If you are trying to work at a command line in pretty much any Operating System, no matter if it is a GNU/Linux brand such as Ubuntu or Fedora Core, another UNIX-like system like Mac OS X or FreeBSD or even Microsoft Windows, you will most definitely need a text editor sooner or later. exit vi commandsIf you are using a UNIX-like system, like GNU/Linux variants, there are many text editors that may or may not be installed. Luckily there is one de-facto standard: vi is included in almost every GNU/Linux or UNIX distribution. “vi” is a truncation of the word “visual” and has, contrary to popular belief, nothing to do with the Roman number 6. Many people are not too fond of vi, but are, alas, often forced into using it when it is the only known option. You may prefer easier editors like gEdit (Gnome), kate (KDE), emacs or ne (command line), but these may not be present when working at the command line.
Therefore, it is best to know at least the basics of vi and to understand it a little better; the basics of survival in vi, which you will learn in this guide. Unlike what you may have heard about the invention of the language C, the vi editor was not the idea of some kind of sick joke. It was for real and it served a real purpose. I am writing this in vi.

vi is very old, 1976 to be exact – that is only 6 years after 1970-01-01, which is the second no. 0, the big bang, the birth of Jesus Christ of UNIX system clocks. In the age of information and the internet, 30 years is practically a century. Remembering the age can help you to accept it if you do not particularly like it. Still, however, many people like the fact that they can memorize the keystrokes and be at home with it for quick tasks, and they like its tiny footprint of disk space and RAM. They like it both as the old reliable standard on most distributions of GNU/Linux and as a simple but powerful editing tool.

The vi editor has an interesting history. It was created in a Berkeley University dorm room, Evans Hall, in 1976 by Bill Joy and some of his friends, although he was the one who fleshed most of it out, using the Pascal language. He designed it for a version of Unix he was working on at Berkeley University called BSD Unix, which stands for Berkeley Software Distribution Unix and forms the base of some modern Unices such as the popular FreeBSD.

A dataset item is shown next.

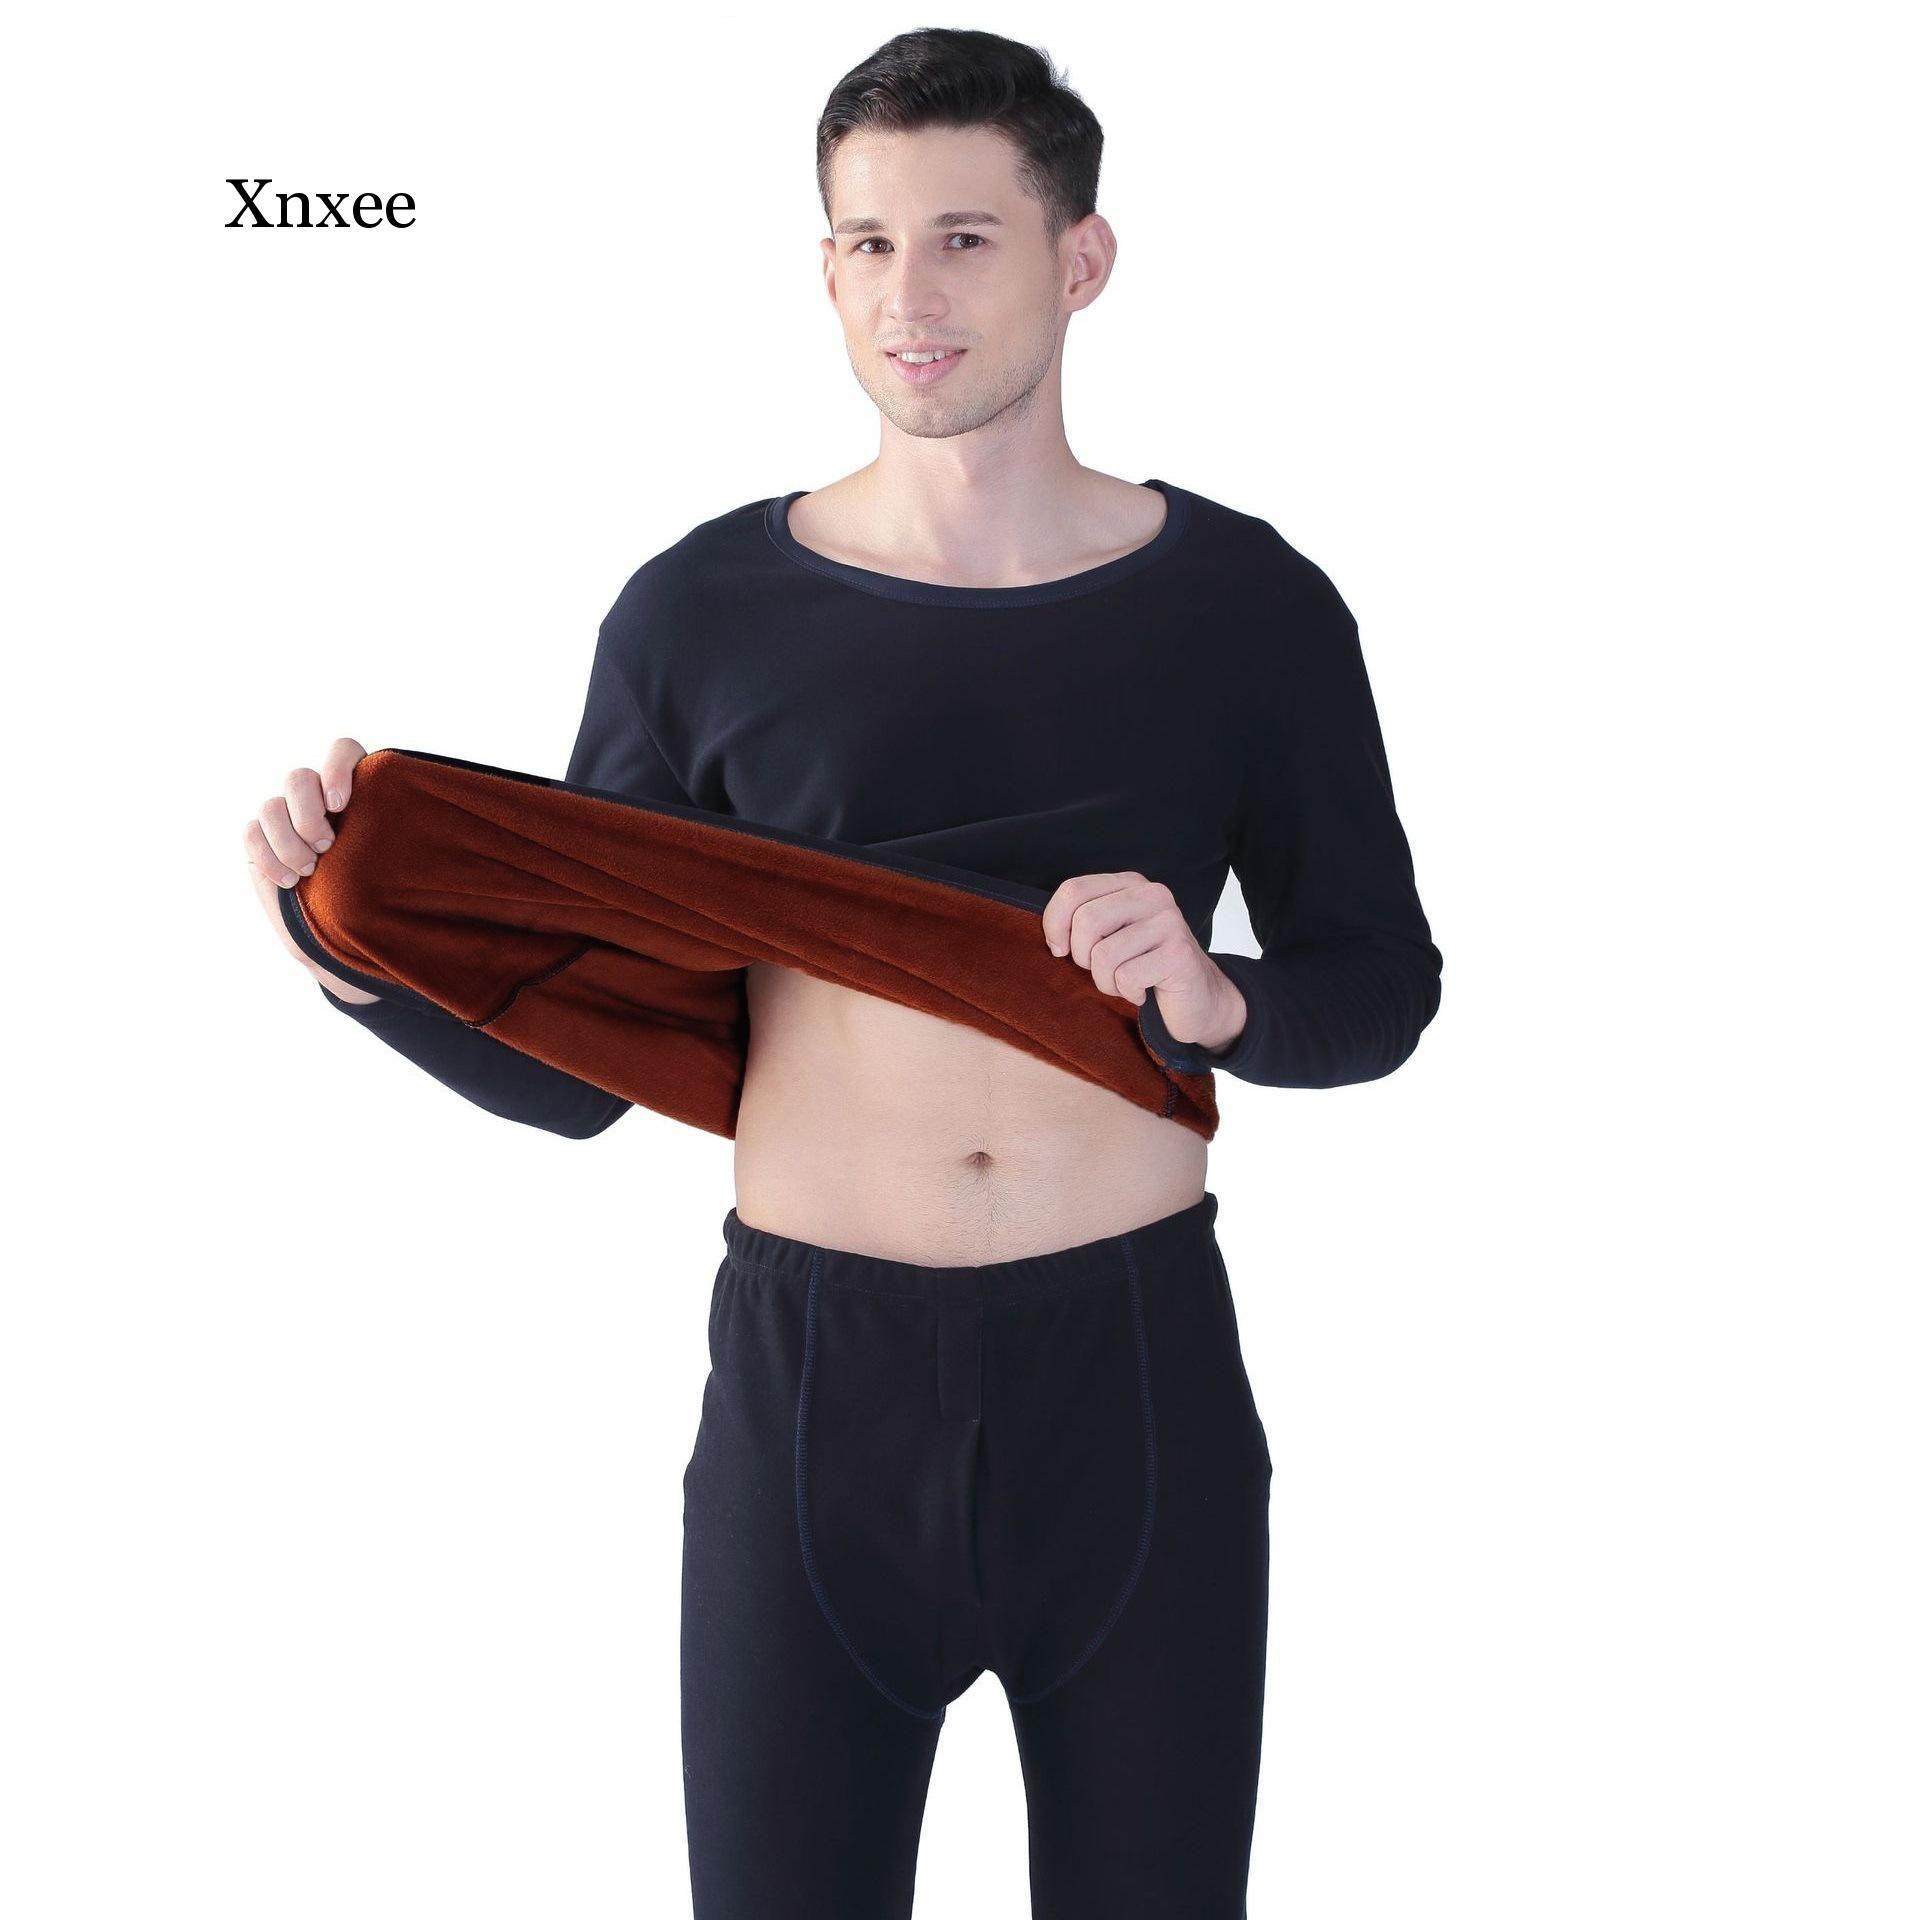 8XL Sıcak Rus Erkekler Termal İç Dipleri 2020 Sonbahar Yeni Artı Vlvet Yumuşak Kalınlaşmak Sıcak Kış Uyku Kıyafet

Bill Joy eventually moved on to Sun Microsystems as one of its original founding members and has since moved on to other projects. Before Bill wrote vi, the students at the university were using an editor called ed. The ed tool, still as widespread as vi, unfortunately, is much harder to use. The students discovered that they could use terminal escape codes so that the terminal moved the cursor to the bottom, and they dubbed this “open mode” where short commands could be typed. There were later derivatives of the ed tool called em and en, and students were experimenting with reprogramming each and borrowing each other’s features. Eventually the most popular became Bill’s project, vi. When the VAX came about, the terminal escape codes standardized as VT100 (Vax Terminal 100) and this carried over into the BSD Unix and is still there today, implemented, for example, in the Linux console and xterm. These codes were utilized in moving the cursor around in the editor, scrolling sections, blocking off certain sections so that they do not scroll, and other cursor movement features. Anyway, what is most important to note about vi’s history is that there was very limited memory and disk space, so commands seemed to be more efficient if they were short keystrokes, rather than typing words. Also, menus and even a mouse weren’t invented yet at XEROX PARC center, so short keystroke commands seemed to fit the ticket.

Dan Bricklin’s Visicalc program would later hinge off of that aspect and use keystrokes the brought up menus, and that approach led to the success of Lotus 1-2-3. So short keystrokes it became, and each of us who use Linux should get to know how to survive in using these keystrokes. Like many things in Unix and Linux, when enough people know about a command and
depend on it, it becomes one of the defacto items that just has to be rolled in with it, like it or leave it, or enough people will complain.